• **Problem to work on**:
The line with "Hawker Tempest Mk.V 1/48 Scale Model" starts the range, and the last line of the listing ends it. Retype that range exactly, without pictures.

• **Provided material**:

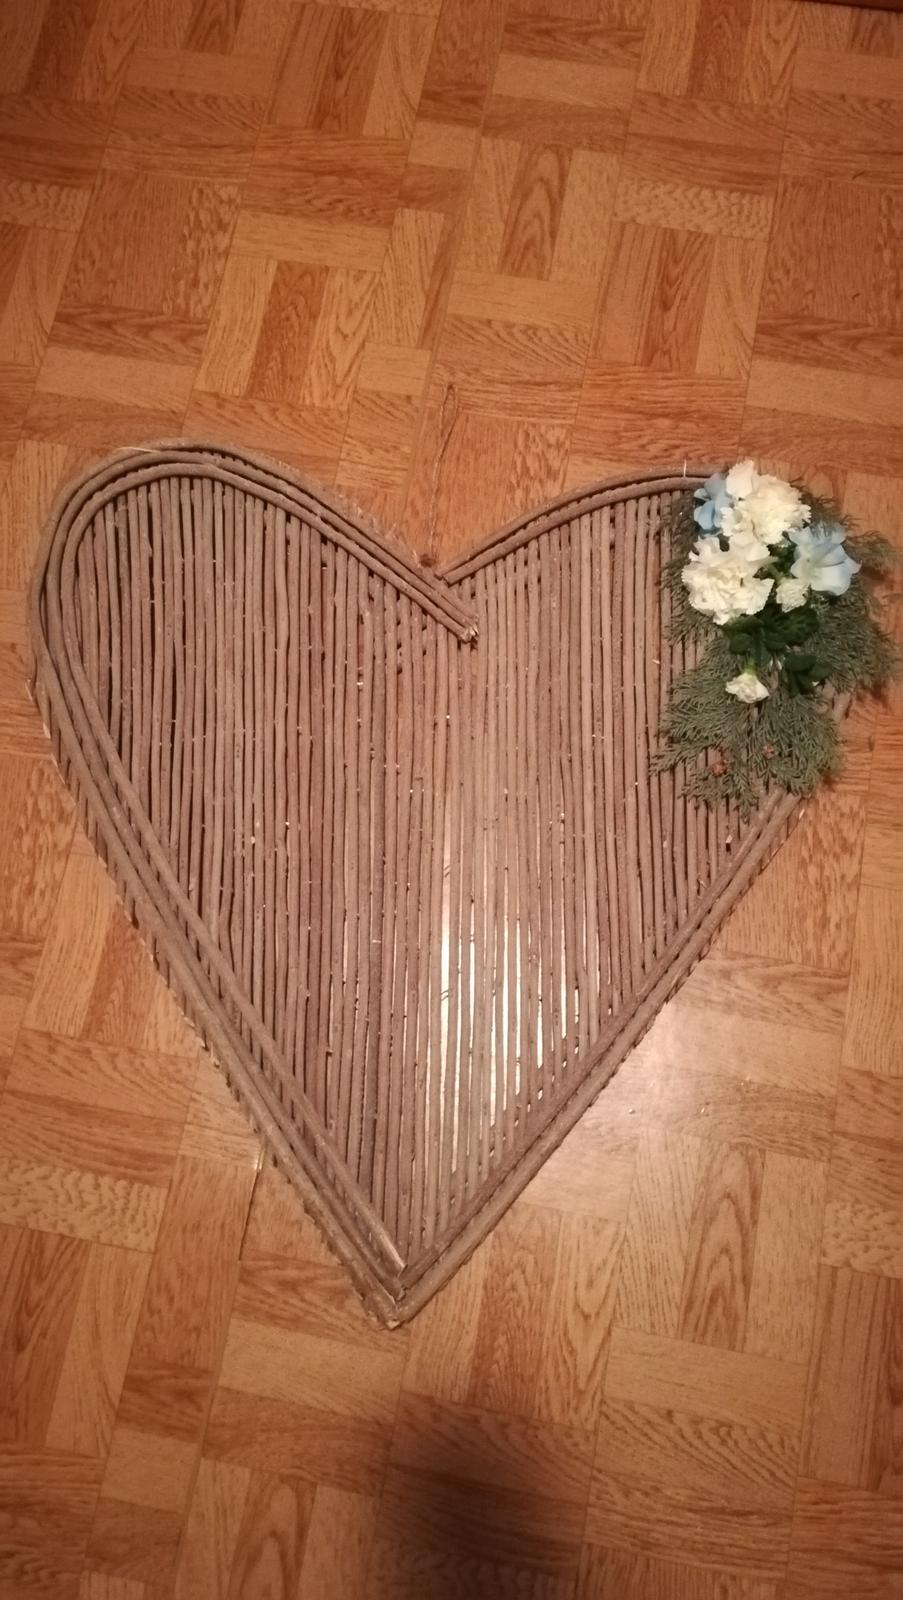 Velke srdce z konarikov - Obrázok č. 1
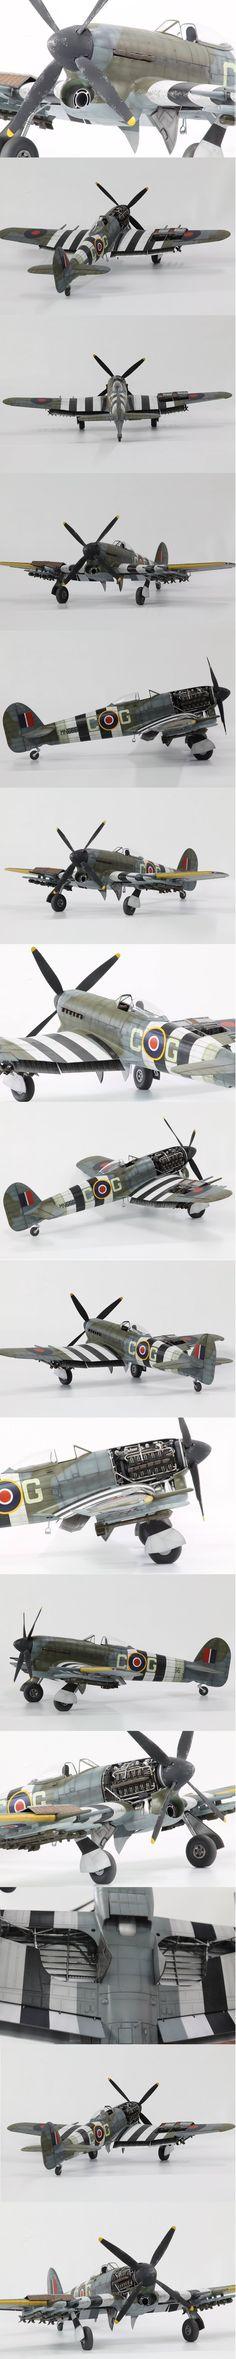 Hawker Tempest Mk.V 1/48 Scale Model
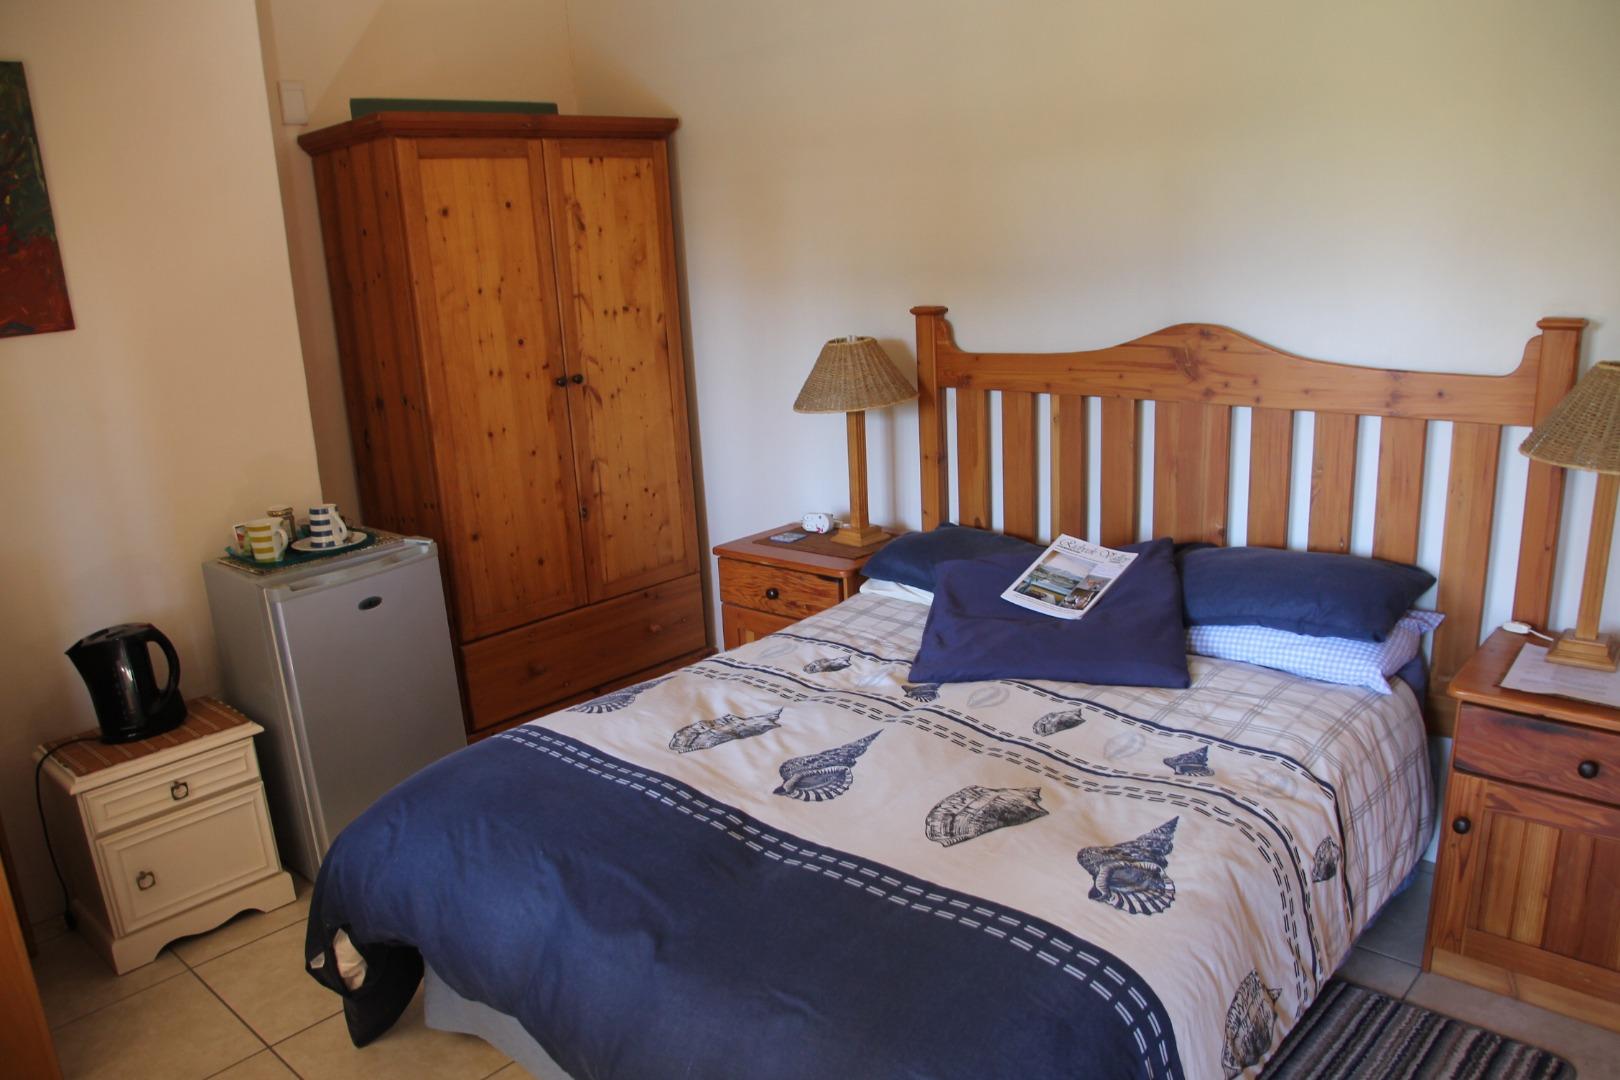 5 Bedroom House For Sale in Riebeek West

• **Answer to the problem**:
 Hawker Tempest Mk.V 1/48 Scale Model
 5 Bedroom House For Sale in Riebeek West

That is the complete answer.